## [Work required]
Please return the listing below exactly, without any of its pictures.

## [Supplied information]
== == ==

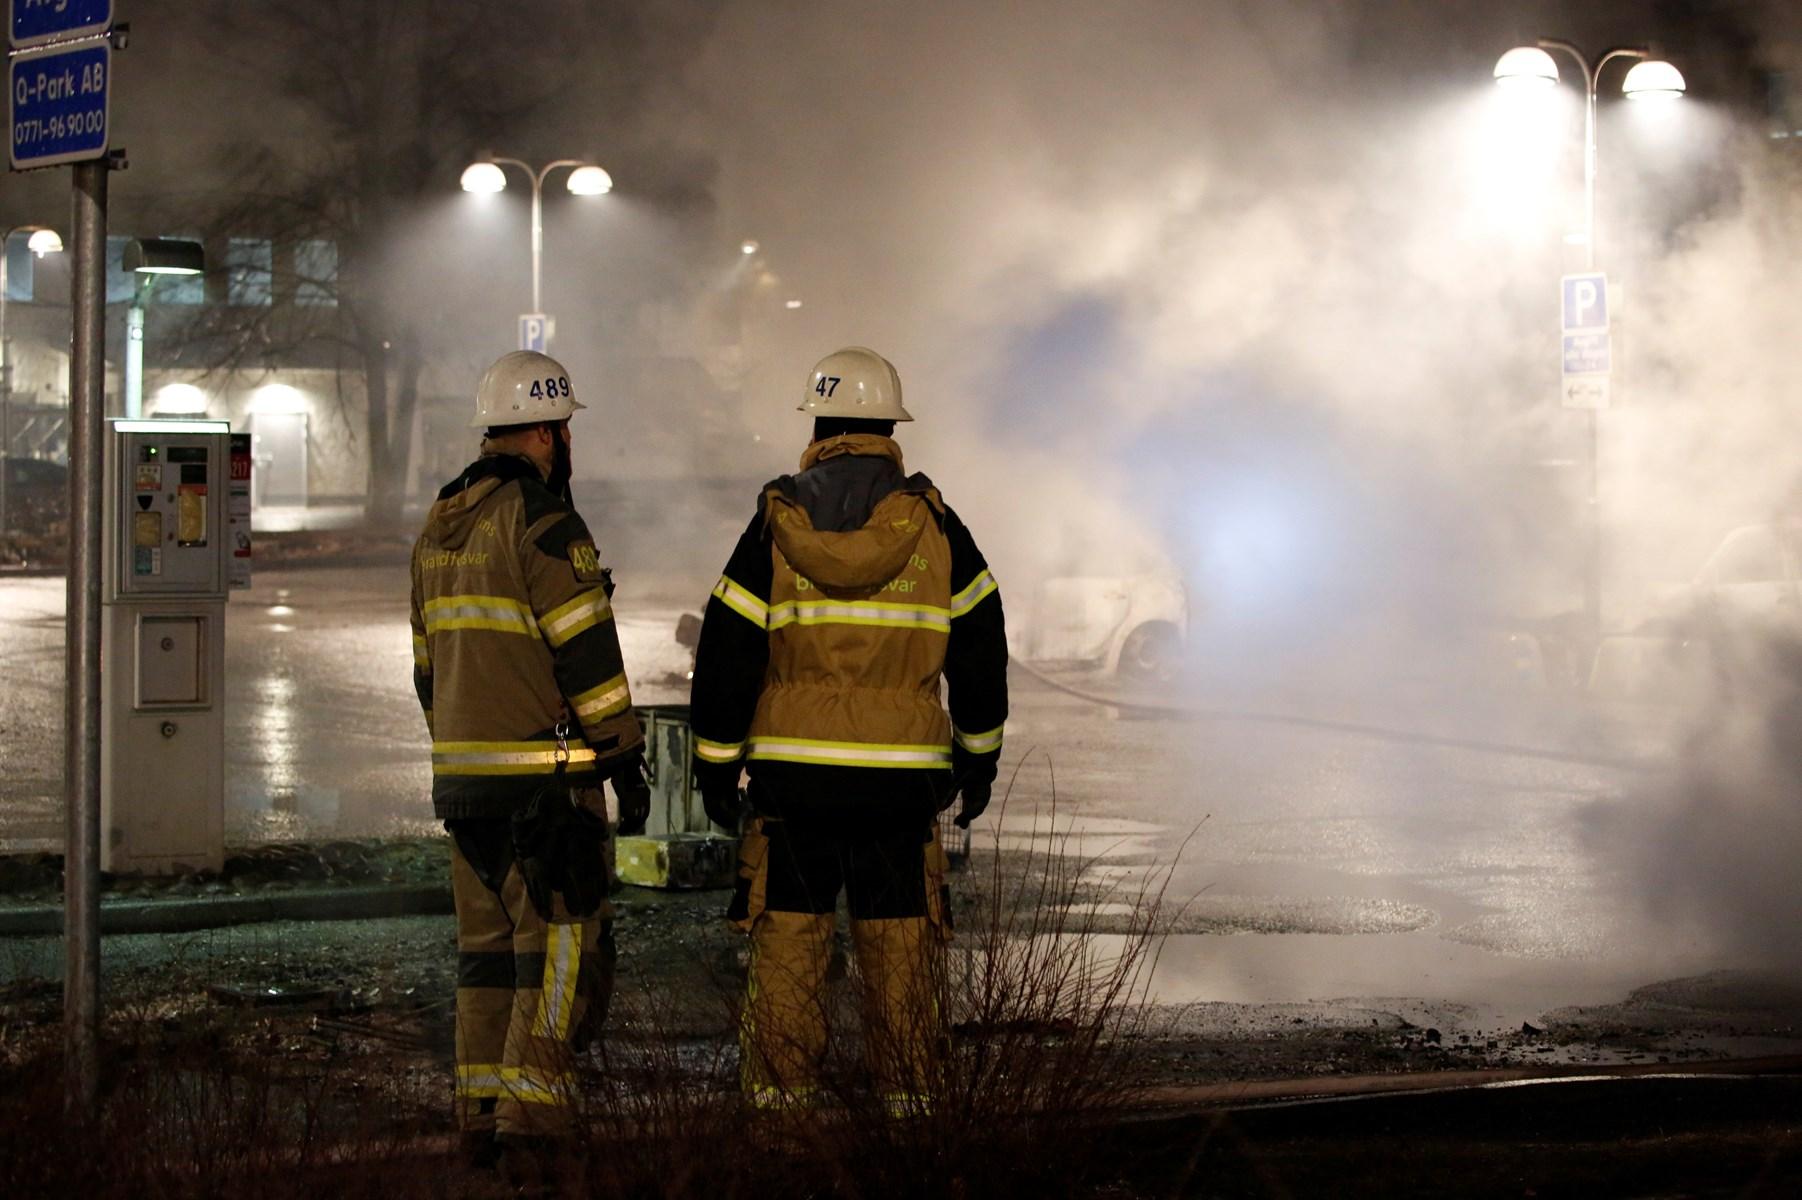 svensk politi skød direkte mod stenkastere
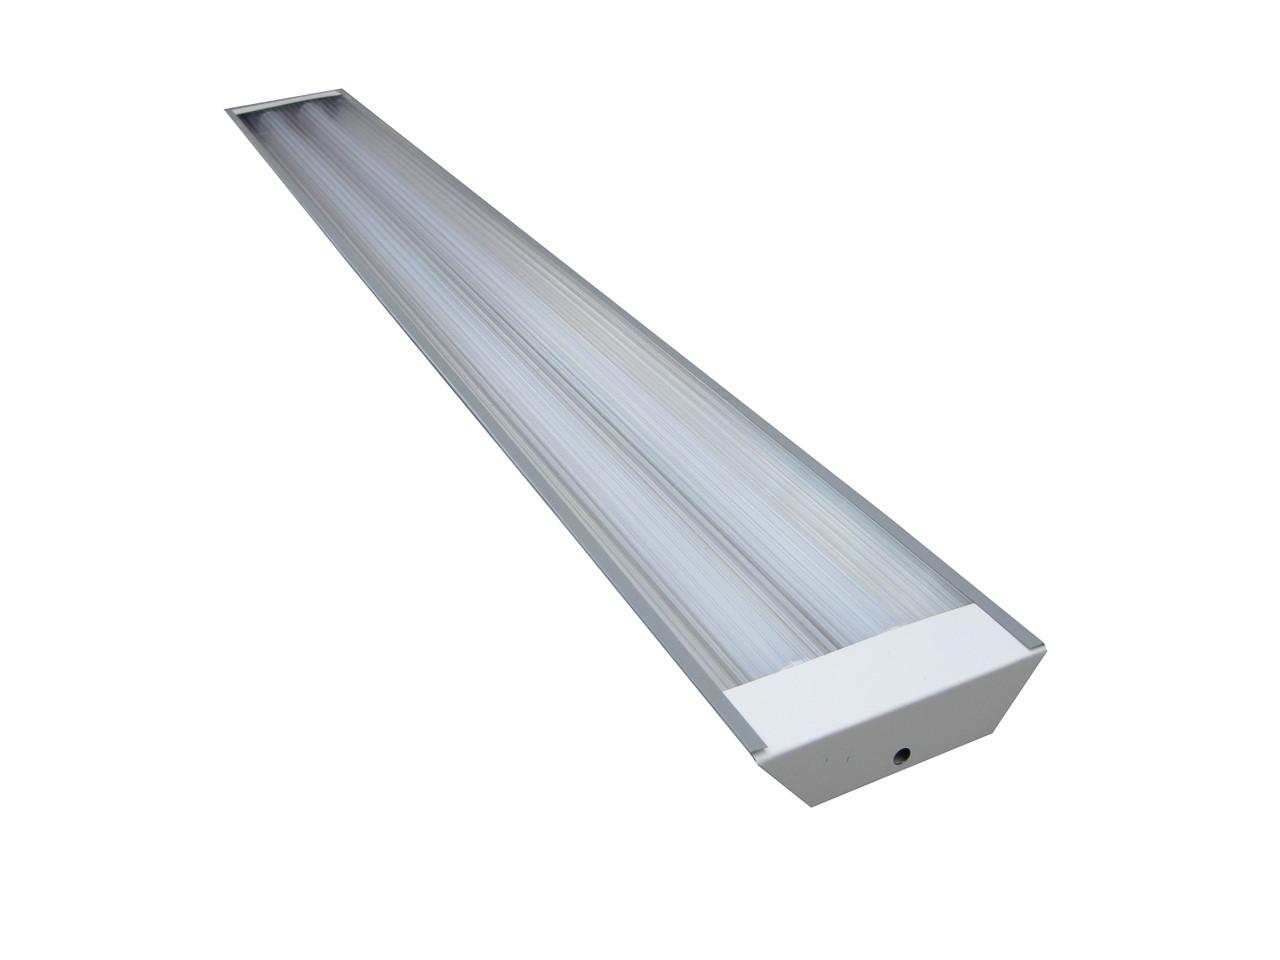 СТ-02 (2х1200) линейный светильник с рассеивателем под LED (ЛЕД) лампы Т8 1200 без ПРА
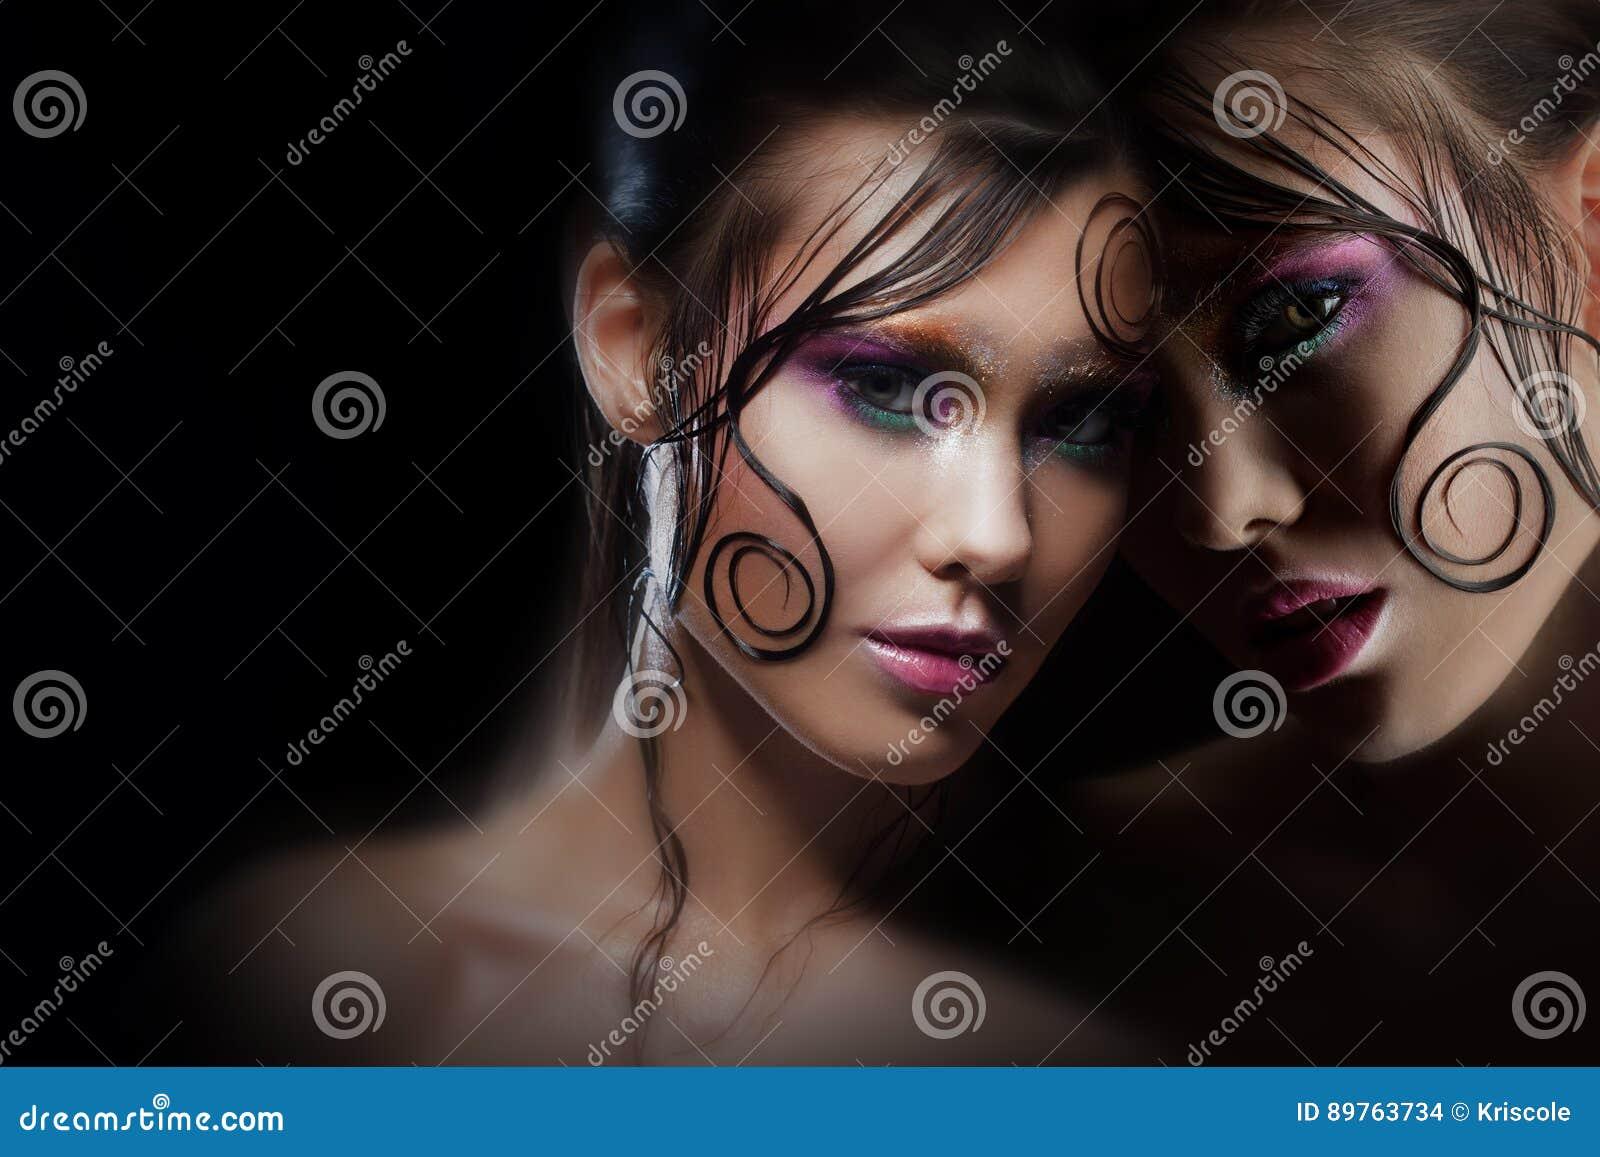 1b96517a83dc Ritratto misterioso con la riflessione Alter ego Ragazza con trucco luminoso  e capelli bagnati

== == ==

## [Solved problem]
 svensk politi skød direkte mod stenkastere
 СТ-02 (2х1200) линейный светильник с рассеивателем под LED (ЛЕД) лампы Т8 1200 без ПРА
 1b96517a83dc Ritratto misterioso con la riflessione Alter ego Ragazza con trucco luminoso  e capelli bagnati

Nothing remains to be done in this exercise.